▸ Recorded data

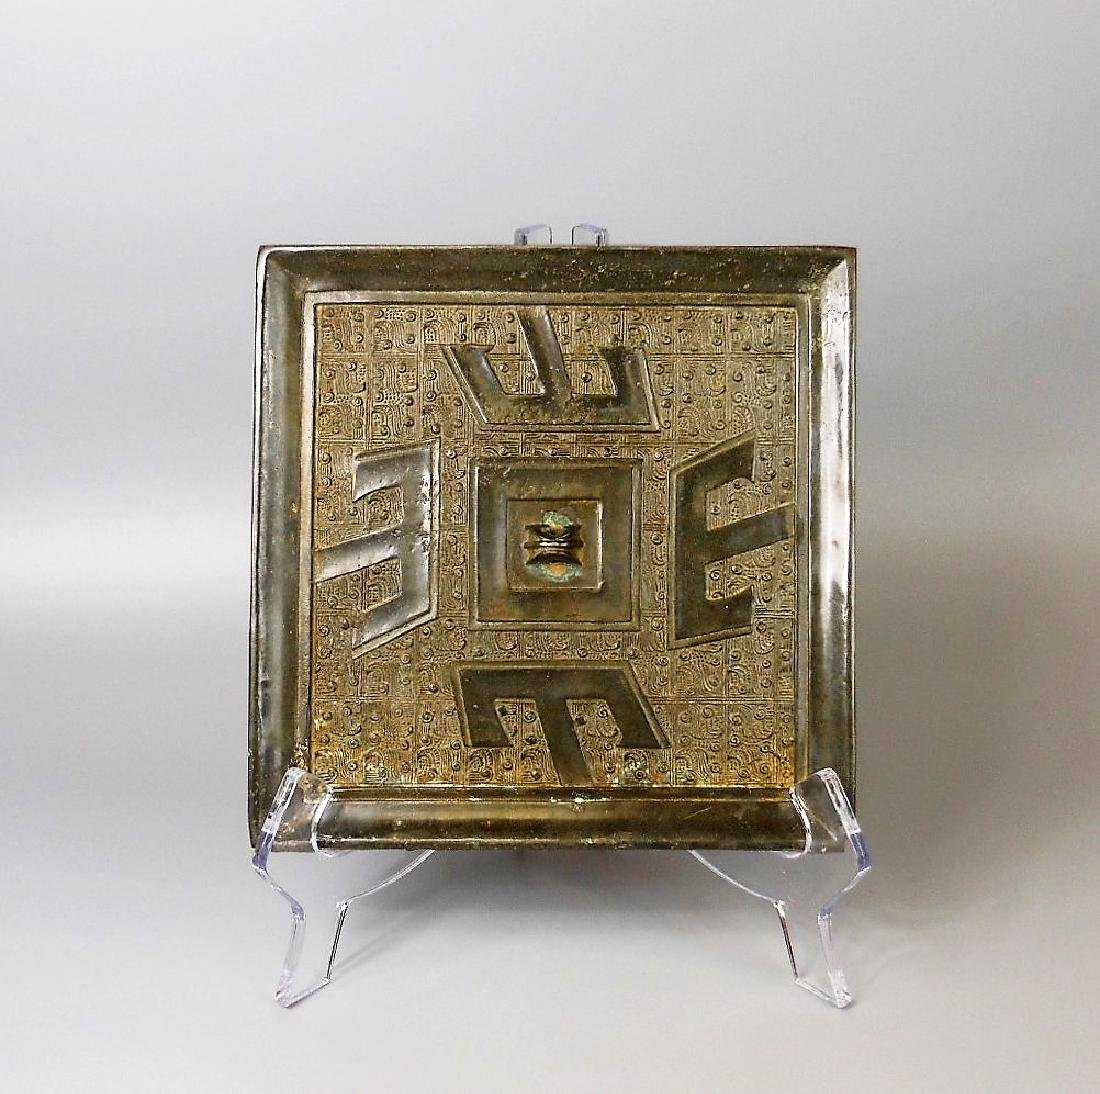 A Chinese archaic bronze mirror
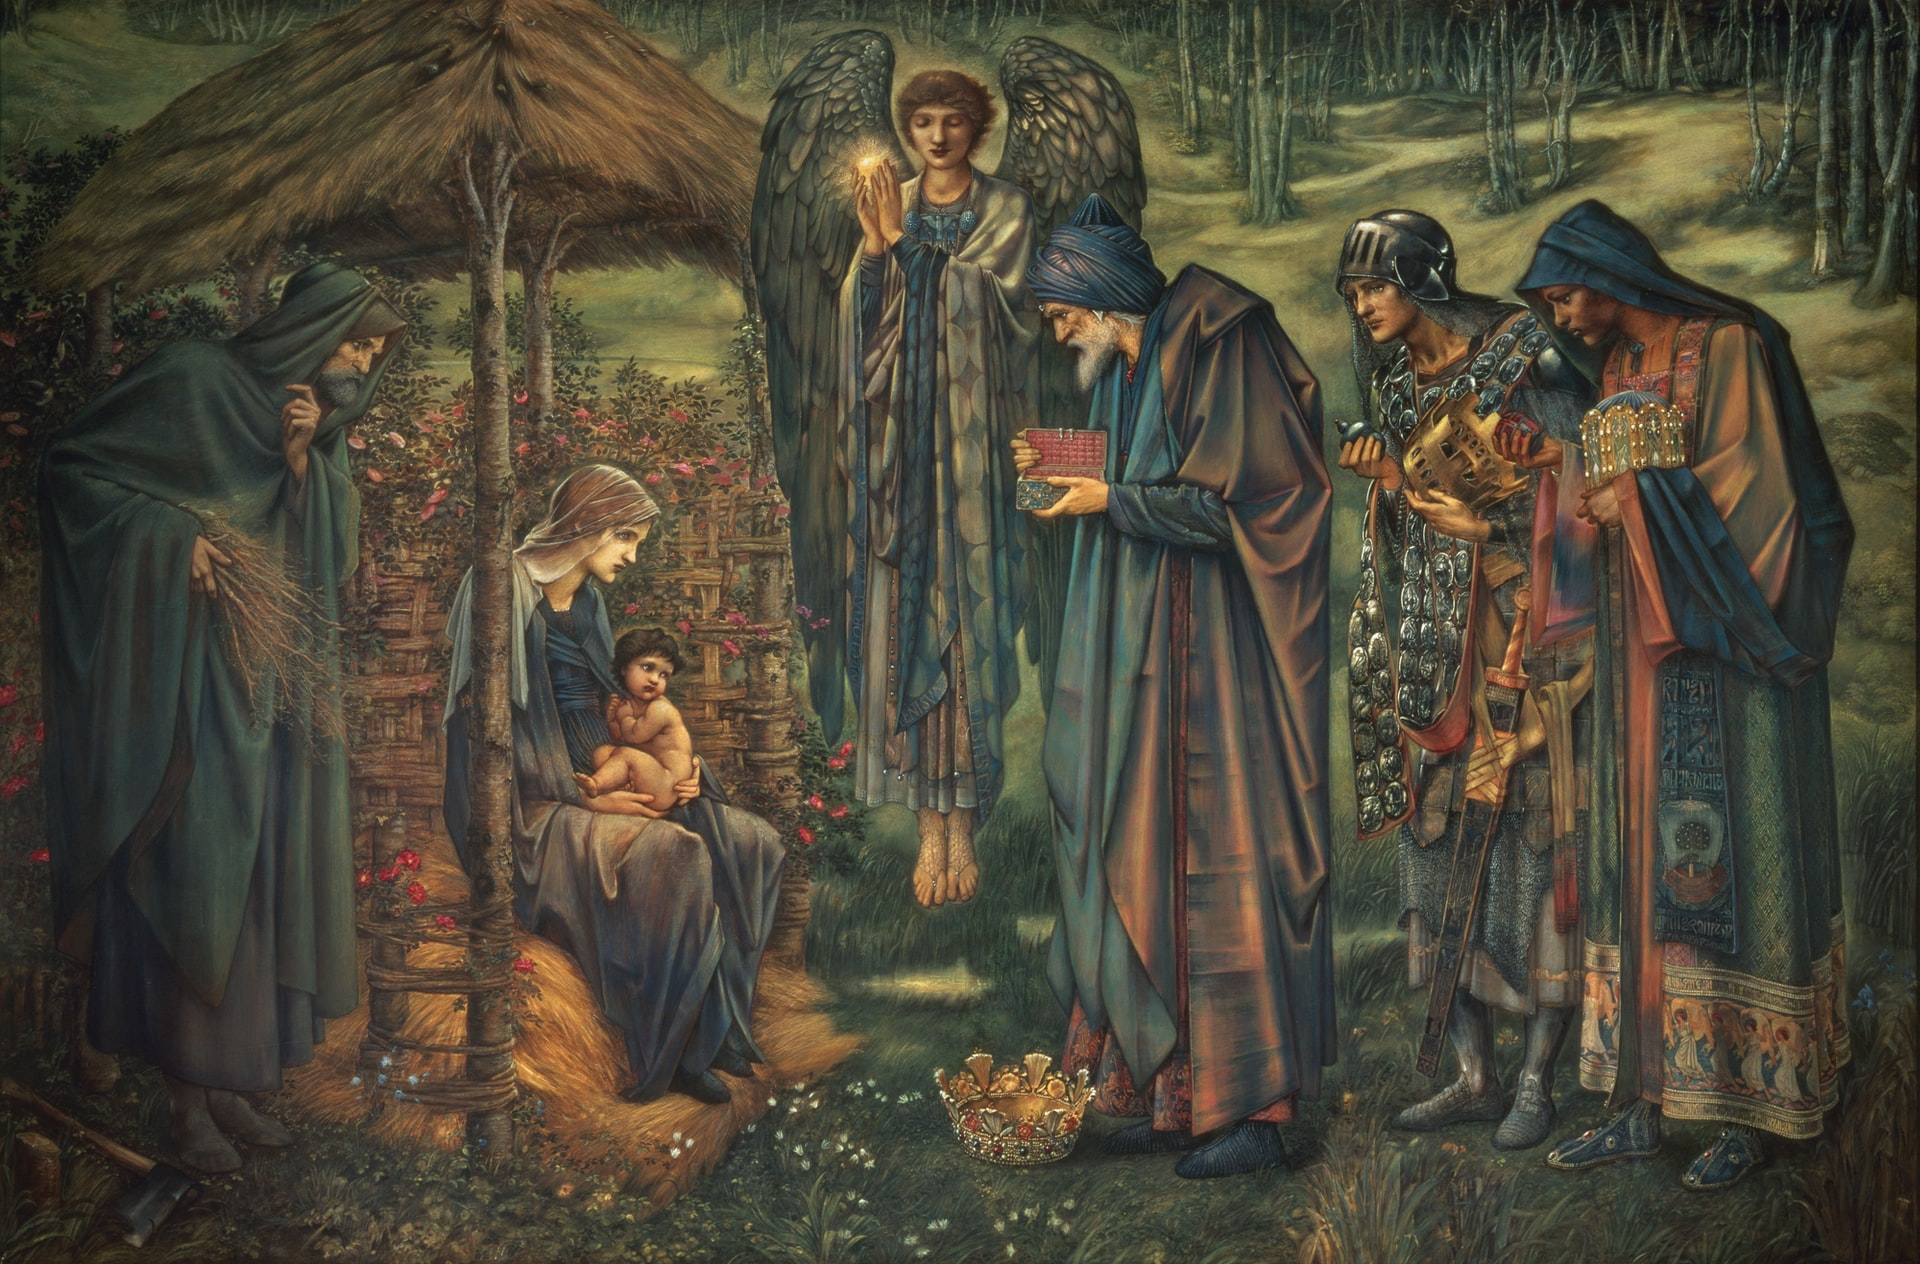 painting of magi visiting baby jesus www.atozmomm.com
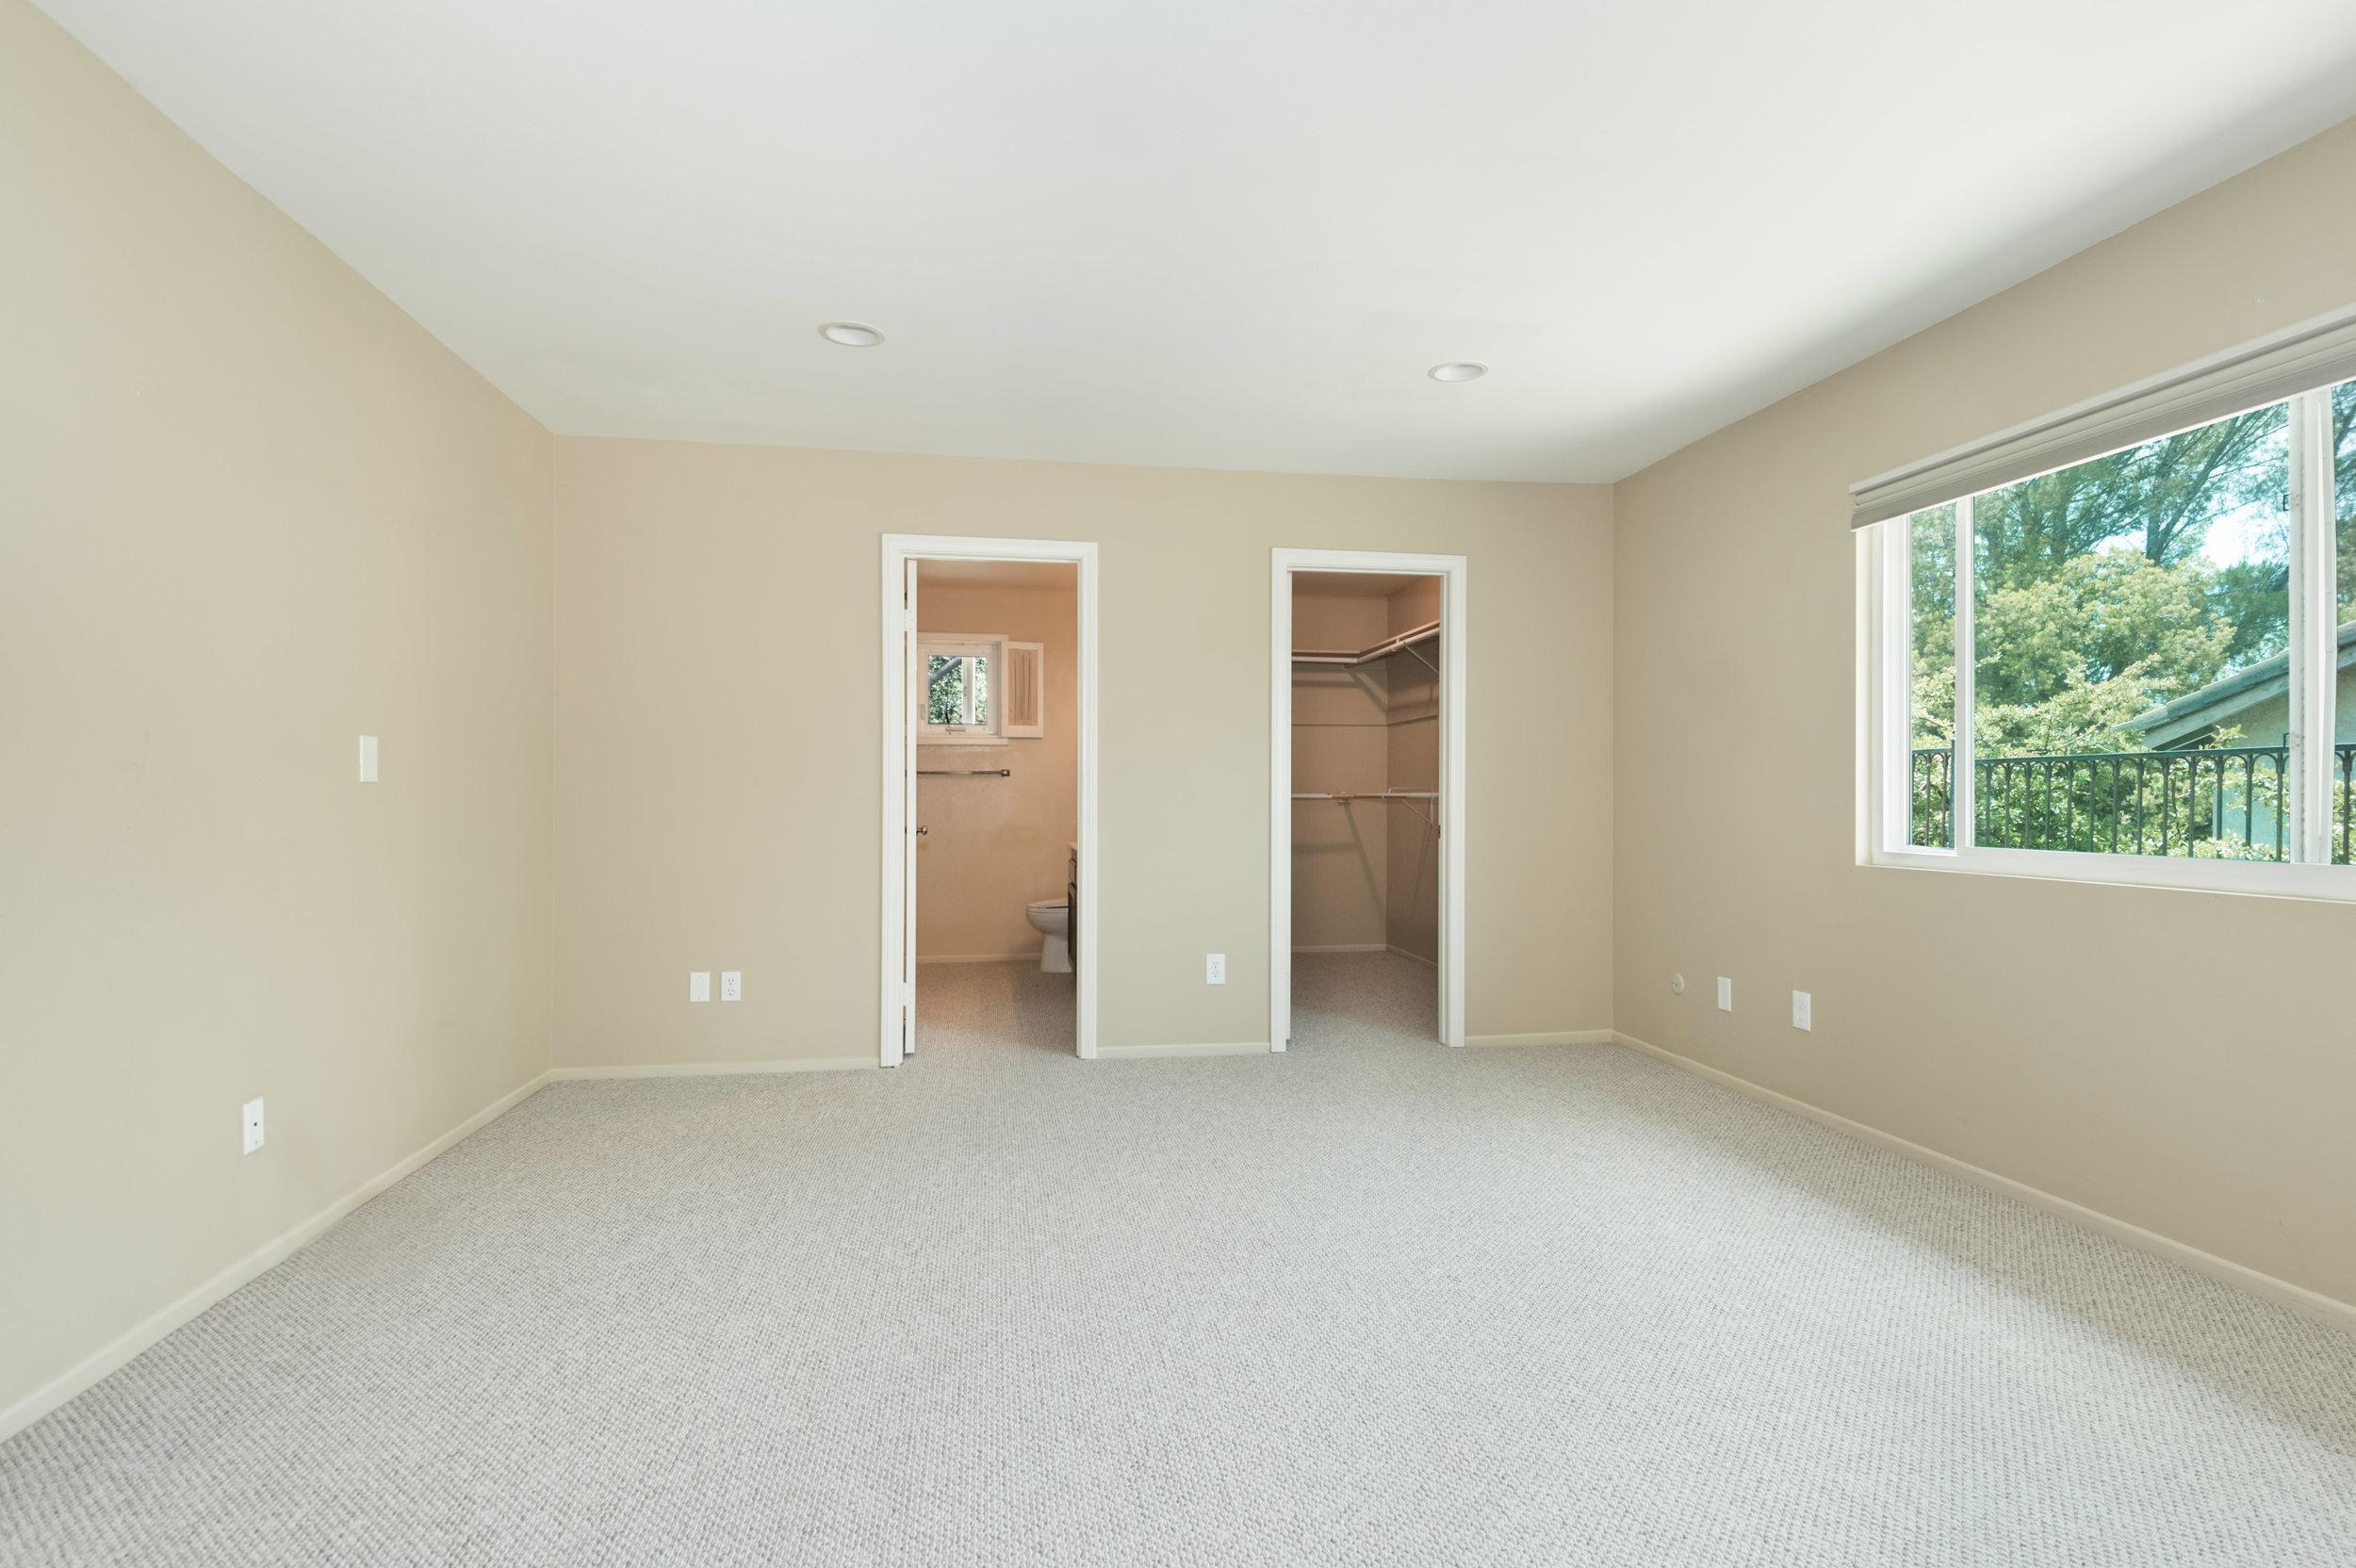 016 bedroom 8832 Moorcroft Avenue West Hills For Sale Lease The Malibu Life Team Luxury Real Estate.jpg
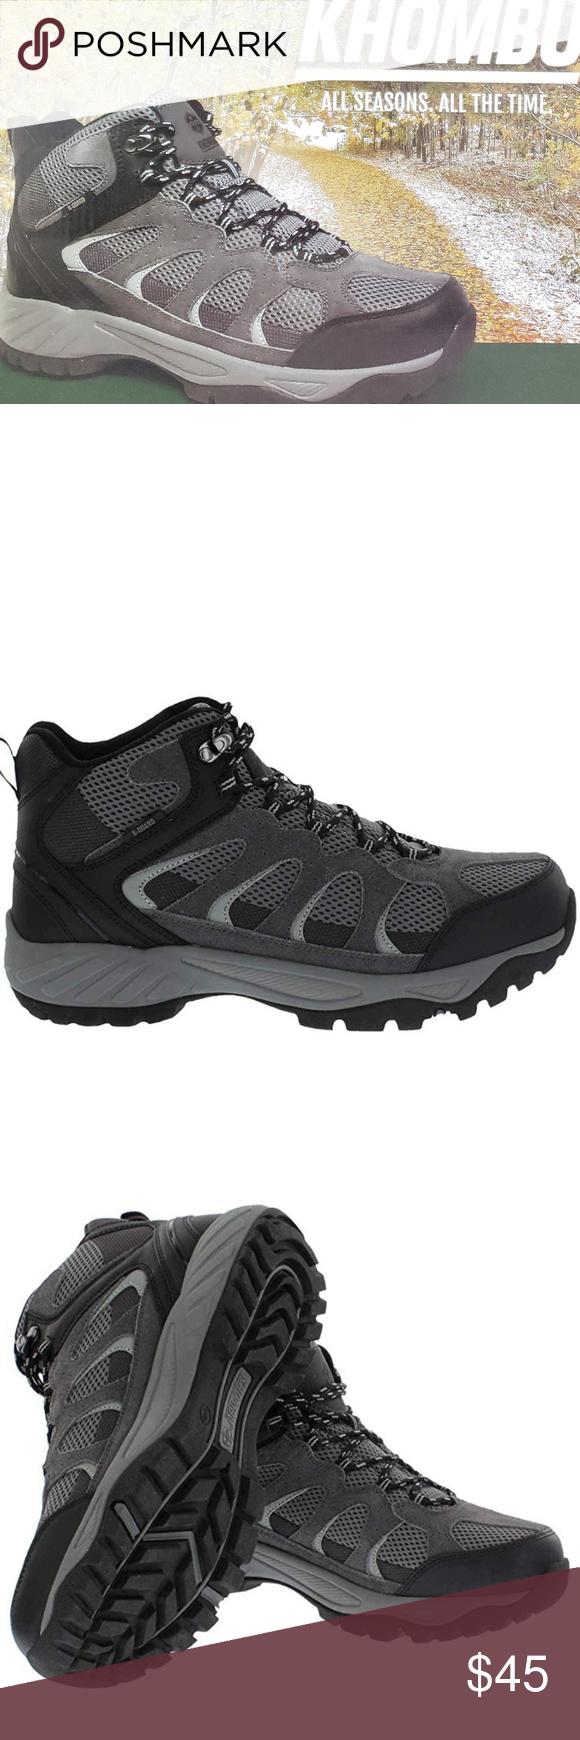 c0f67dd76dc Khombu Tyler Leather Hiking Outdoor Tactical Boots Khombu, an ...
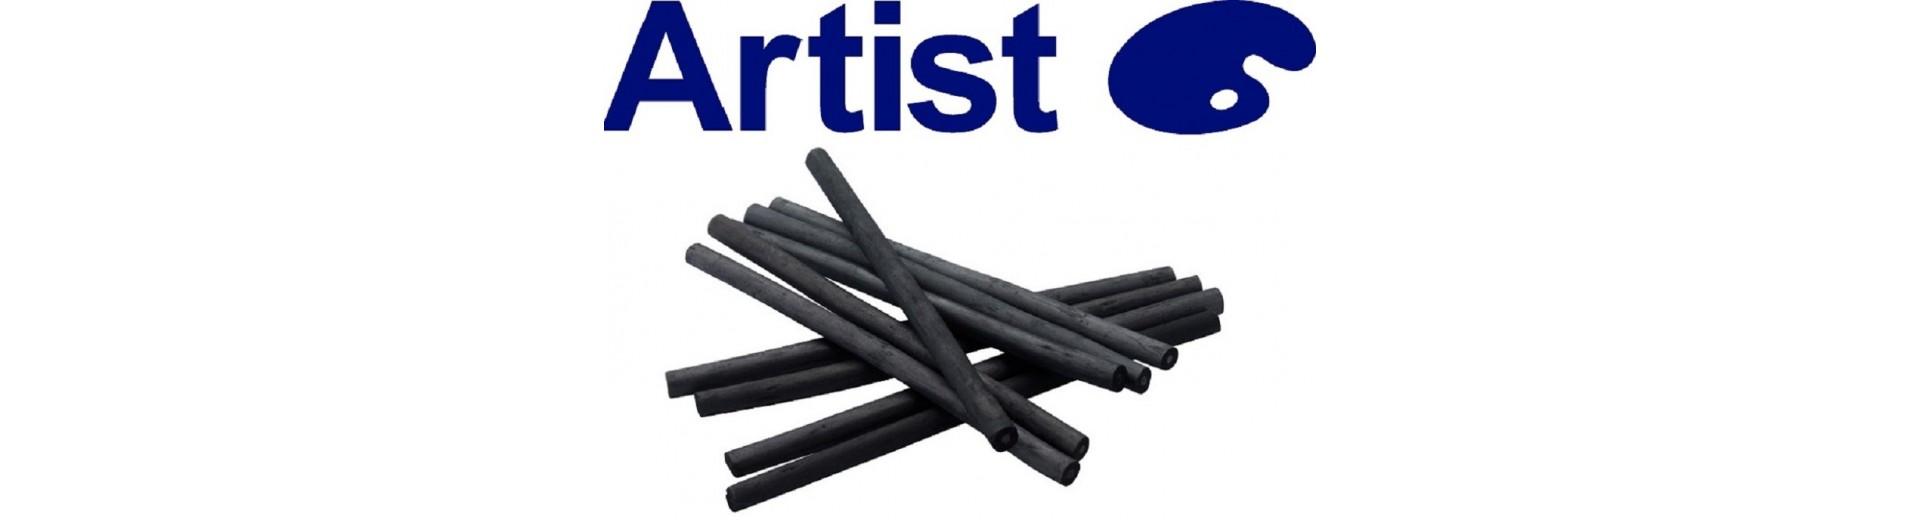 CARBONCILLOS ARTIST

▸ Task to complete
Could you write out, word for word, the lines from the one containing "016 bedroom 8832" through the last line of the records, leaving out the pictures?

▸ Finished exercise
 016 bedroom 8832 Moorcroft Avenue West Hills For Sale Lease The Malibu Life Team Luxury Real Estate.jpg
 c0f67dd76dc Khombu Tyler Leather Hiking Outdoor Tactical Boots Khombu, an ...
 CARBONCILLOS ARTIST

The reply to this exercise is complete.